I pazienti ad alto rischio hanno una condizione cardiaca che è sufficientemente grave o instabile per iniziare l’attività sessuale e sono esposti ad un rischio significativo.

La maggior parte dei pazienti ad alto rischio possono presentare da una moderata ad una grave malattia cardiaca sintomatica. L’attività sessuale deve essere interrotta fino a quando  la condizione cardiaca del paziente è stata accertata dal cardiologo solo dopo tali accertamenti si può riprendere l’attività.

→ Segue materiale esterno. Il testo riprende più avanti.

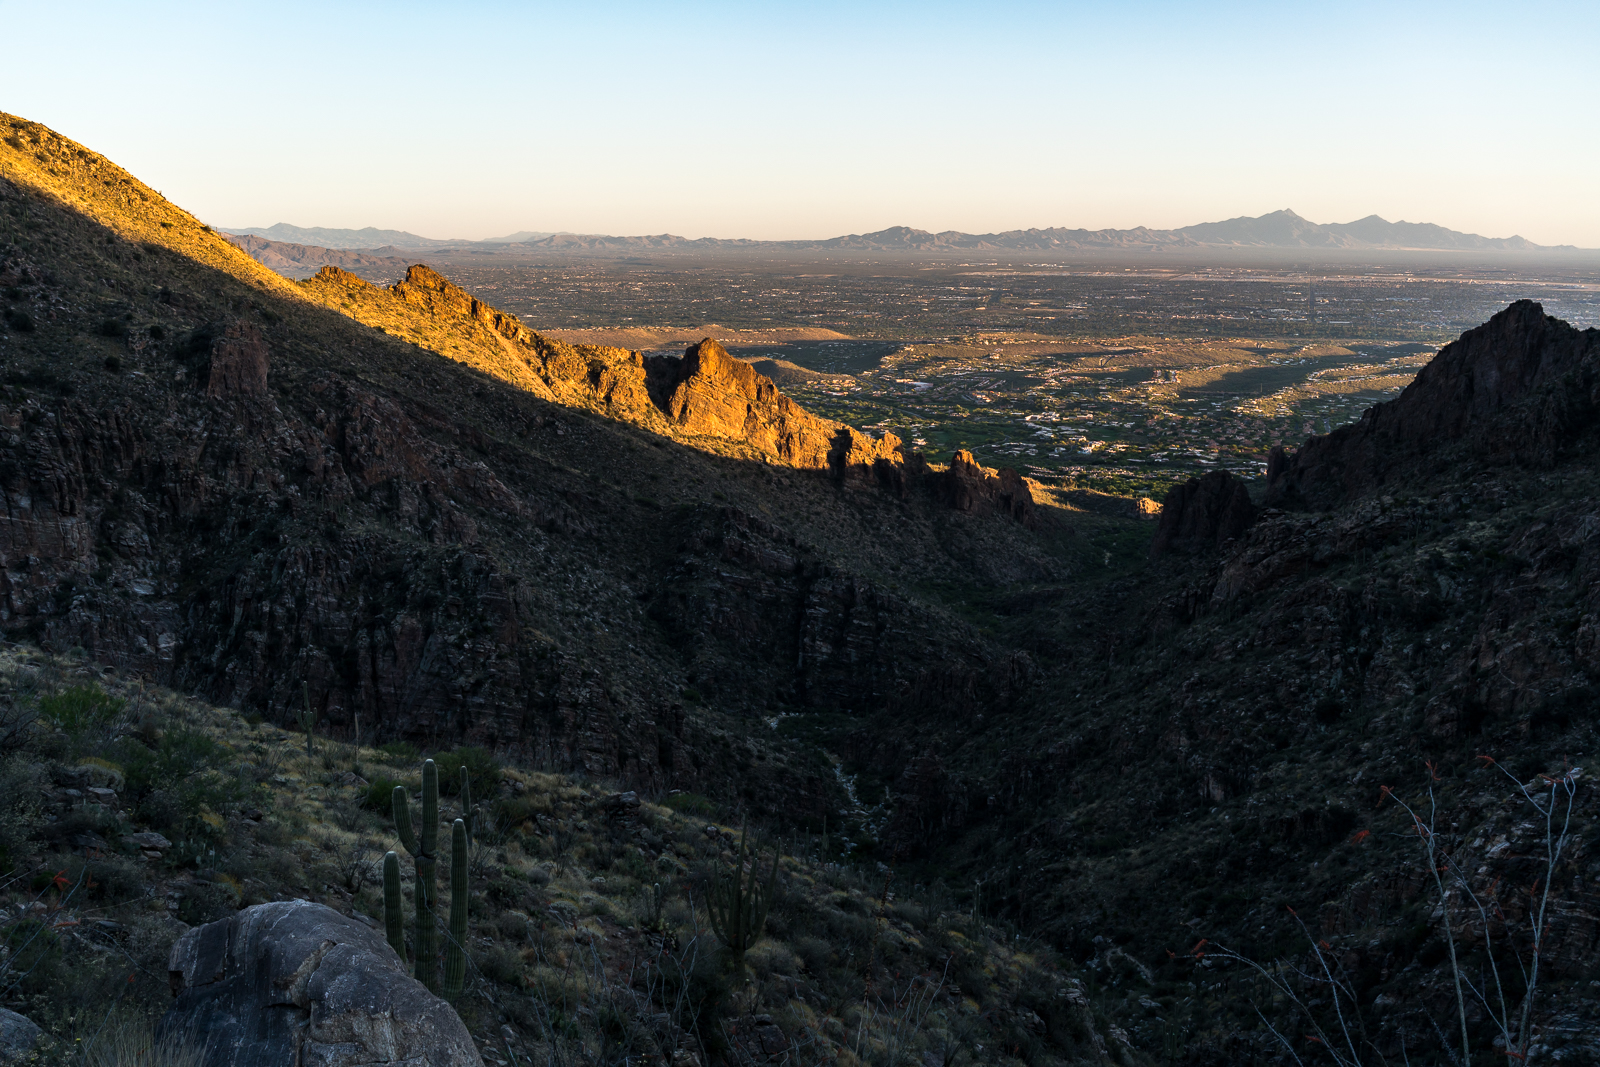 Ventana Canyon in Shadow, below Maiden pools just before sunset. March 2016.

La maggior parte dei pazienti con disfunzione erettile possono essere gestiti all’interno del setting di cura sessuale, al contrario, alcuni pazienti possono avere bisogno di specifici test diagnostici.

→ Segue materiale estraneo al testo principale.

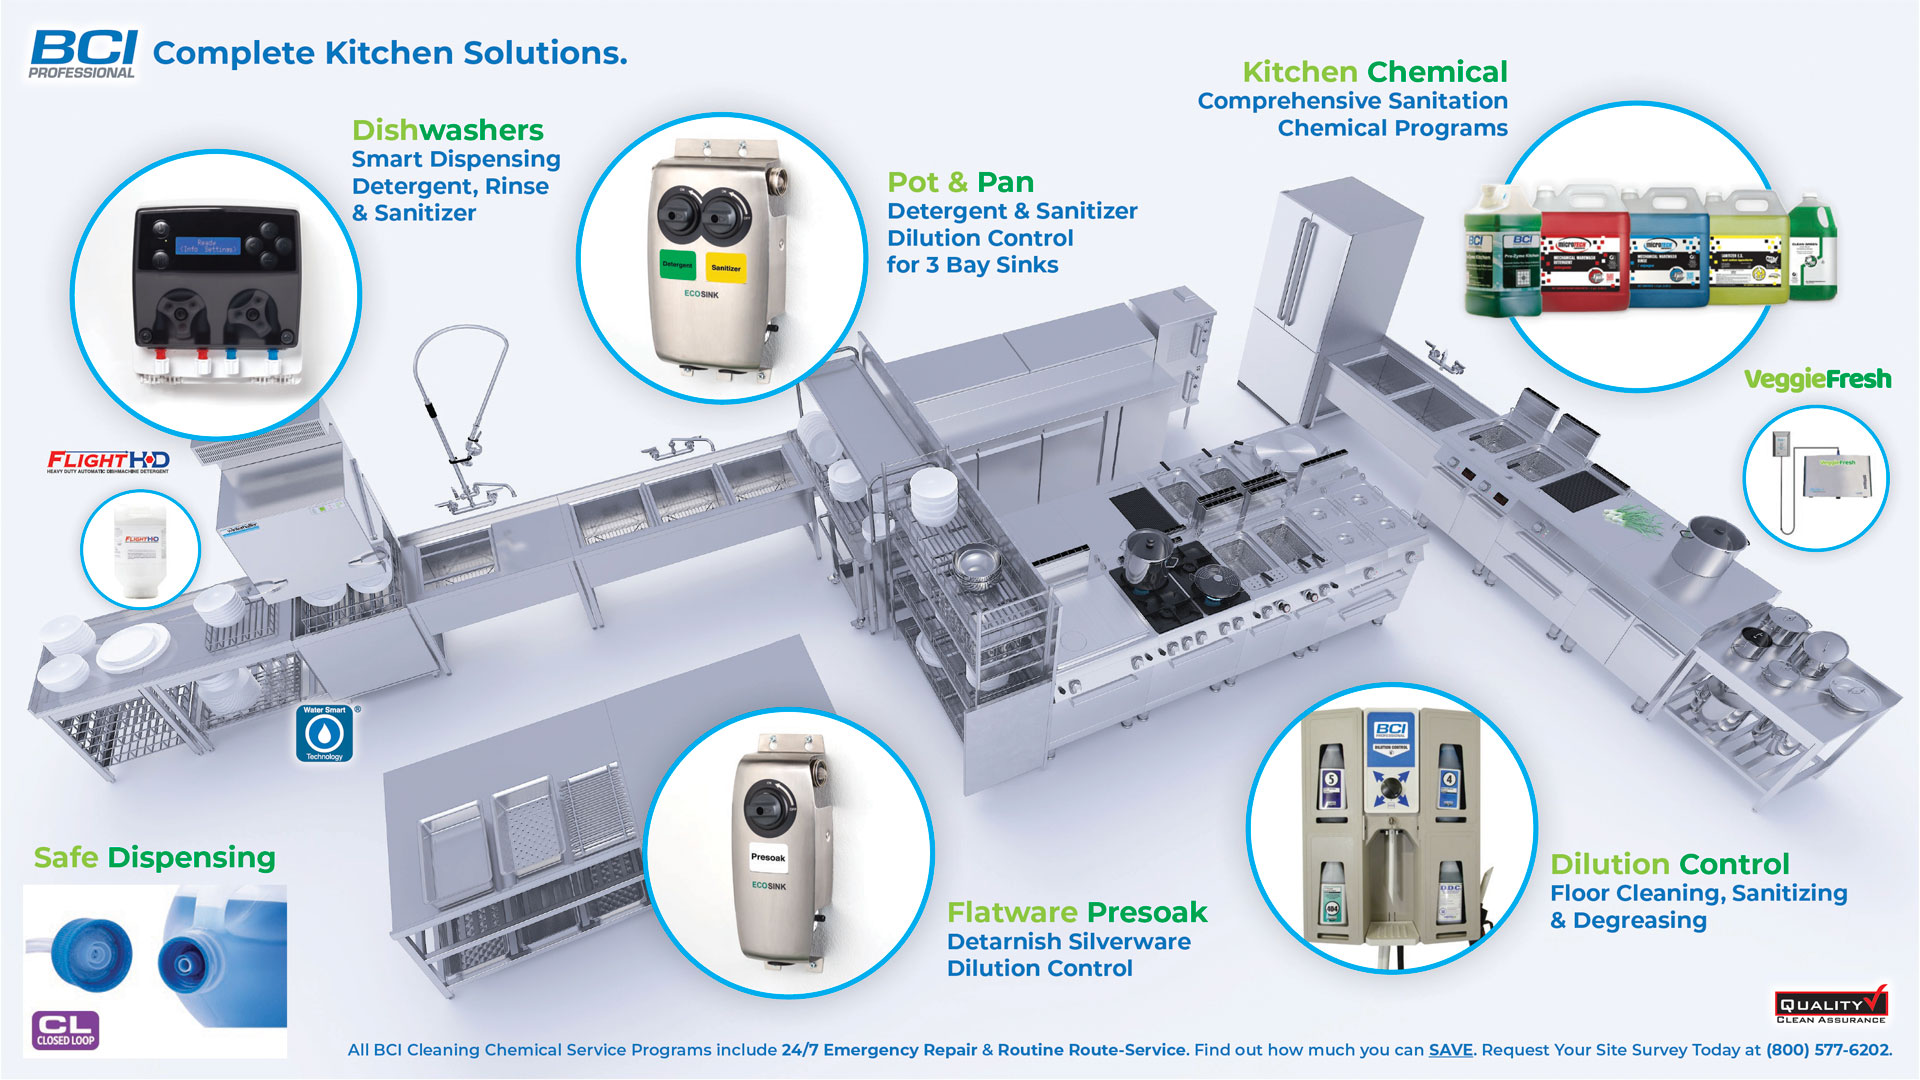 BCI Complete Kitchen Solutions

Tumescenza peniena notturna e prova di rigidità

La valutazione riguardo la tumescenza peniena notturna dovrebbe essere fatta per almeno due notti.

Il meccanismo di disfunzione funzionale è indicato da un evento disfunzionale che registra almeno  il 60%  di rigidità registrata sulla punta del pene,dellla durata di almeno 10 minuti.

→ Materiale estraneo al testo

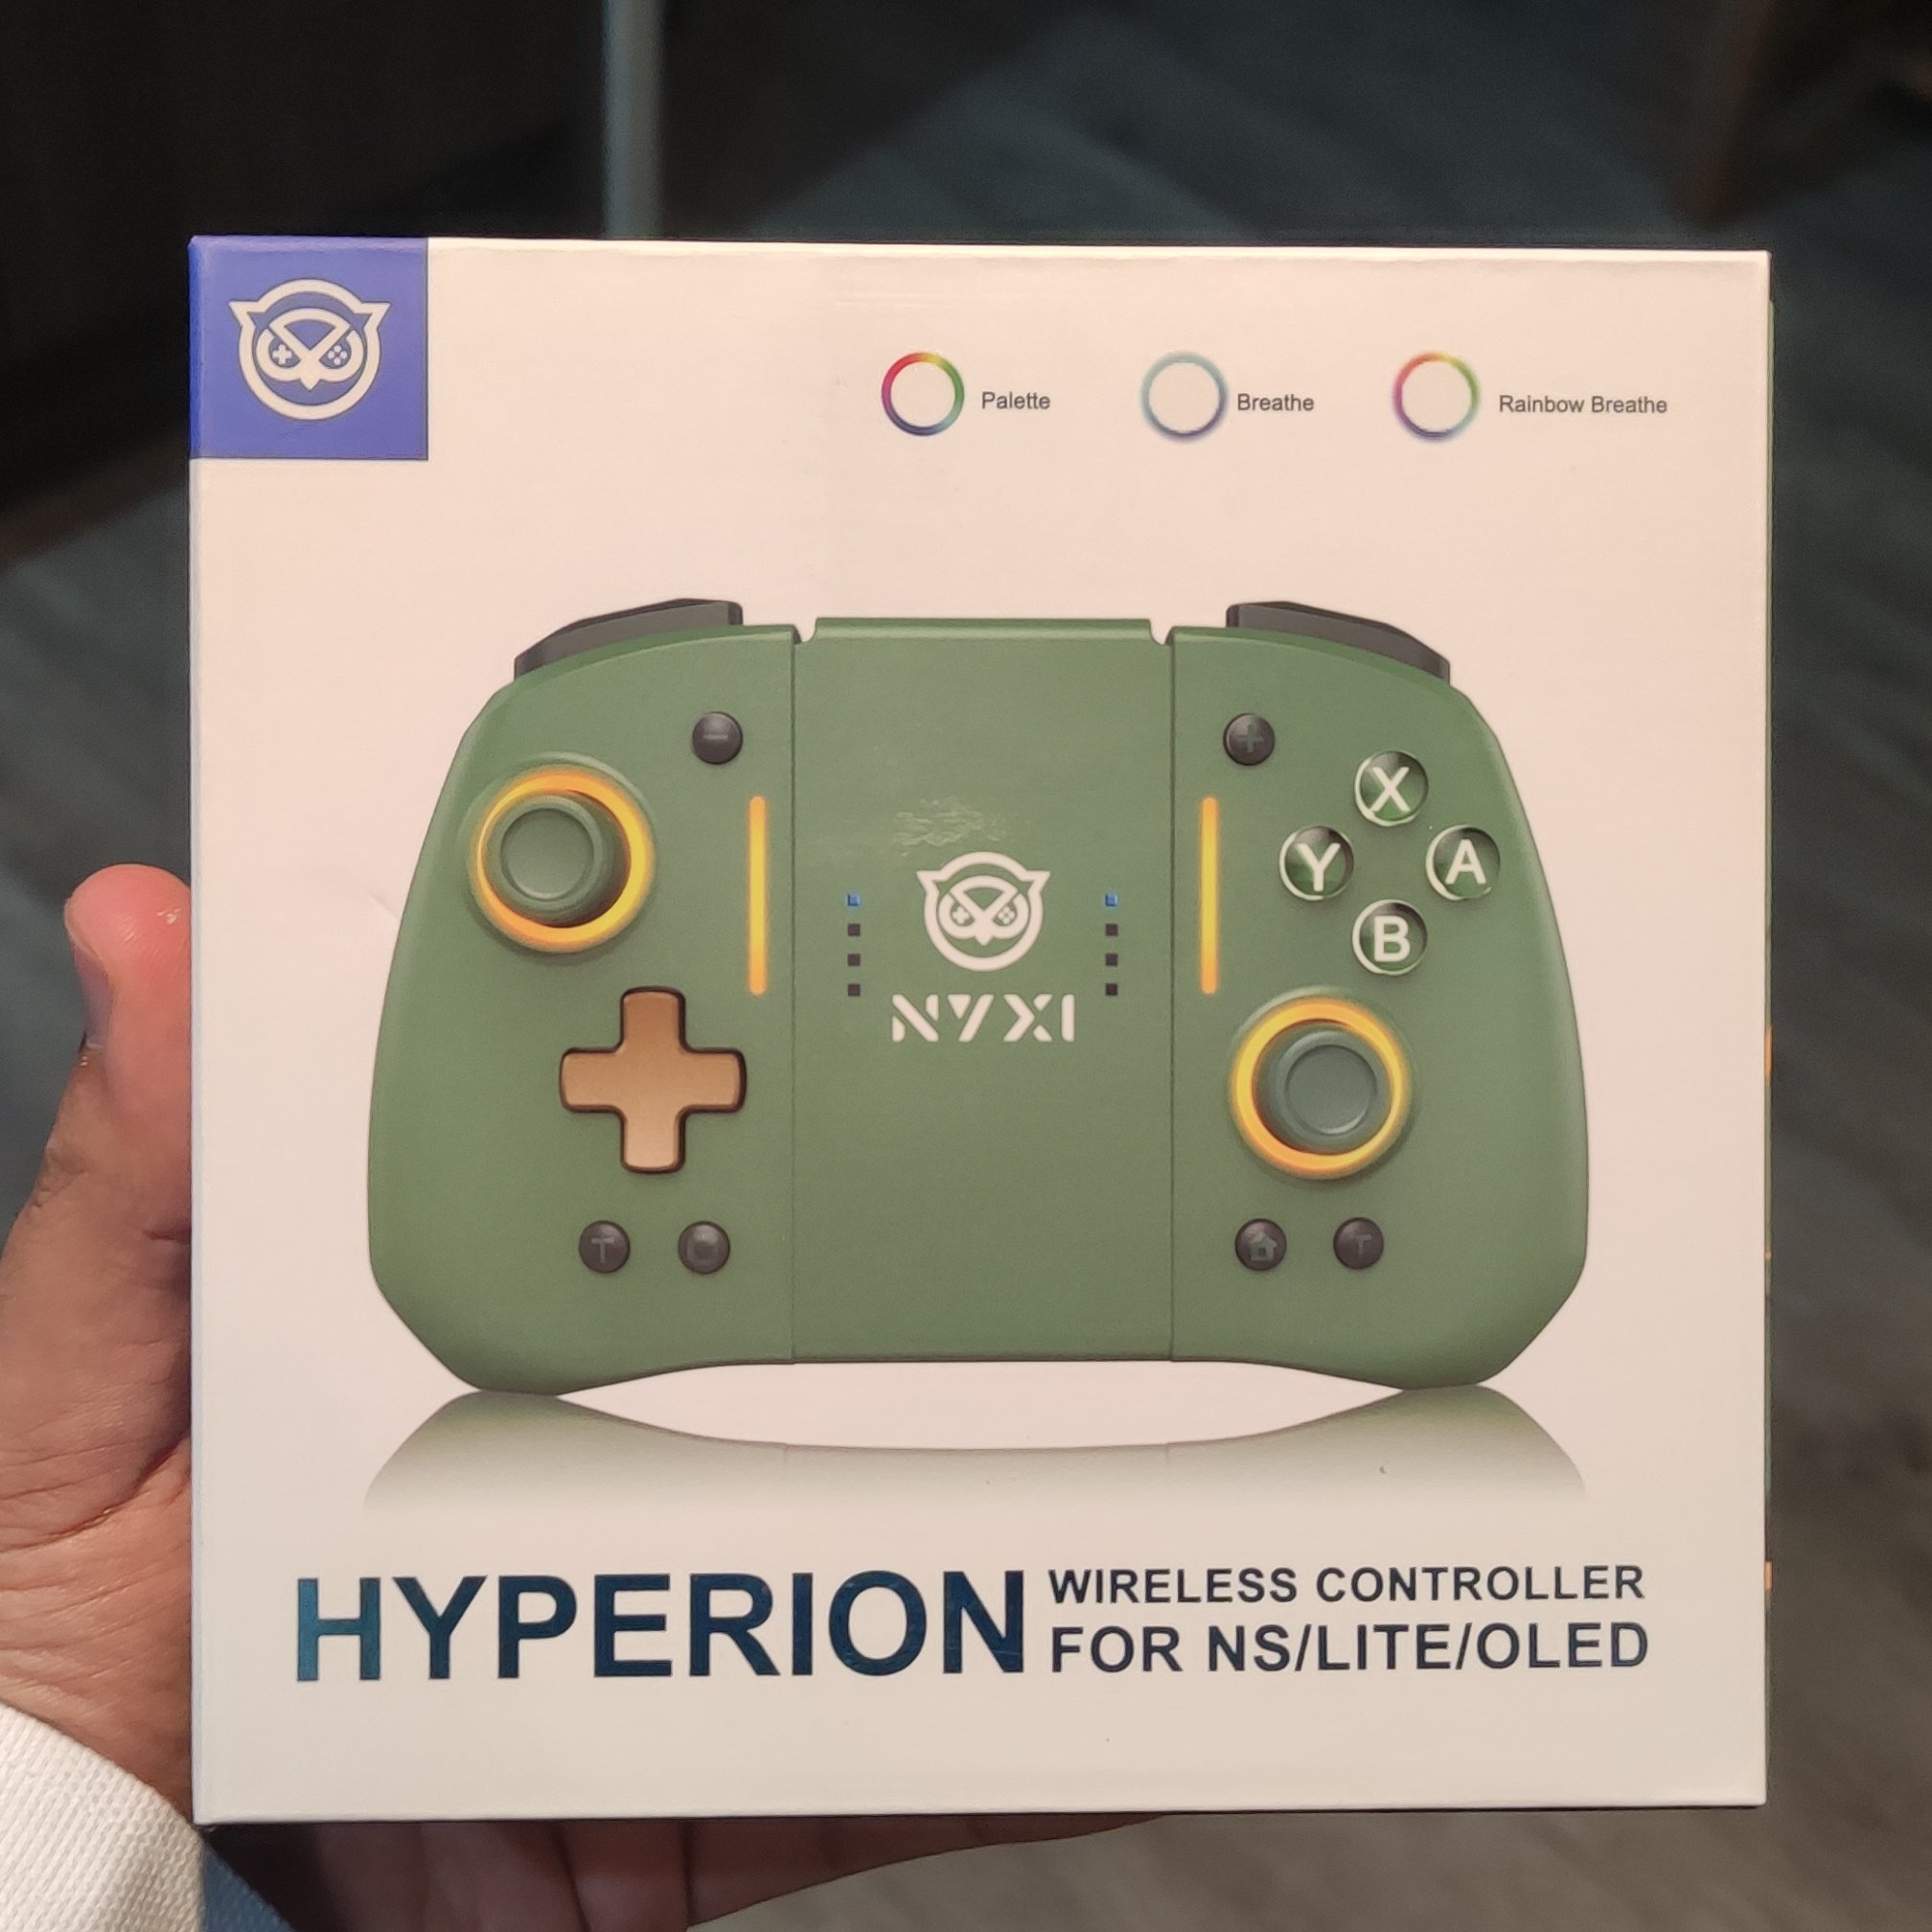 Nyxi Hyperion Joypad Unboxing & Demonstration, Nintendo Switch, game  controller

Il test di iniezione intracavernosa fornisce informazioni limitate sullo stato vascolare. Un test positivo si ha quando 10 minuti dopo l’iniezione, il paziente risponde con una erezione modesta (il pene si può piegare) e dura circa 30 minuti. Questa risposta può indicare una certa funzionalità ma non necessariamente un’erezione “ normale”. L’erezione può coesistere con insufficienza arteriosa o disfunzione veno-occlusiva.

Arteriografia e cavernosometria infusione dinamico o cavernosografia

Arteriografia e cavernosometria dinamica infusione o cavernosografia  possono essere effettuate solo in quei pazienti presi in considerazione per una chirurgia ricostruttiva vascolare.

Valutazione psichiatrica

Per quanto riguarda i pazienti con disturbi psichiatrici è necessario rivolgersi a uno psichiatra particolarmente preparato sul problema di disfunzione erettile. In pazienti più giovani (40 anni), con problema di disfunzione di tipo primario, la valutazione psichiatrica può essere utile prima di ogni

valutazione organica che può essere effettuata in seguito.

Anomalie del pene

La correzione chirurgica può essere necessaria per i pazienti con disfunzione erettile a causa di anomalie del pene, ad esempio, ipospadia,curvatura congenita, o malattia di La Peyronie.

Educazione del paziente

La consultazione con il paziente deve includere una discussione sulle aspettative e sulle esigenze sia del paziente che del suo partner sessuale. L’educazione è una parte essenziale della gestione di questo fastidioso problema.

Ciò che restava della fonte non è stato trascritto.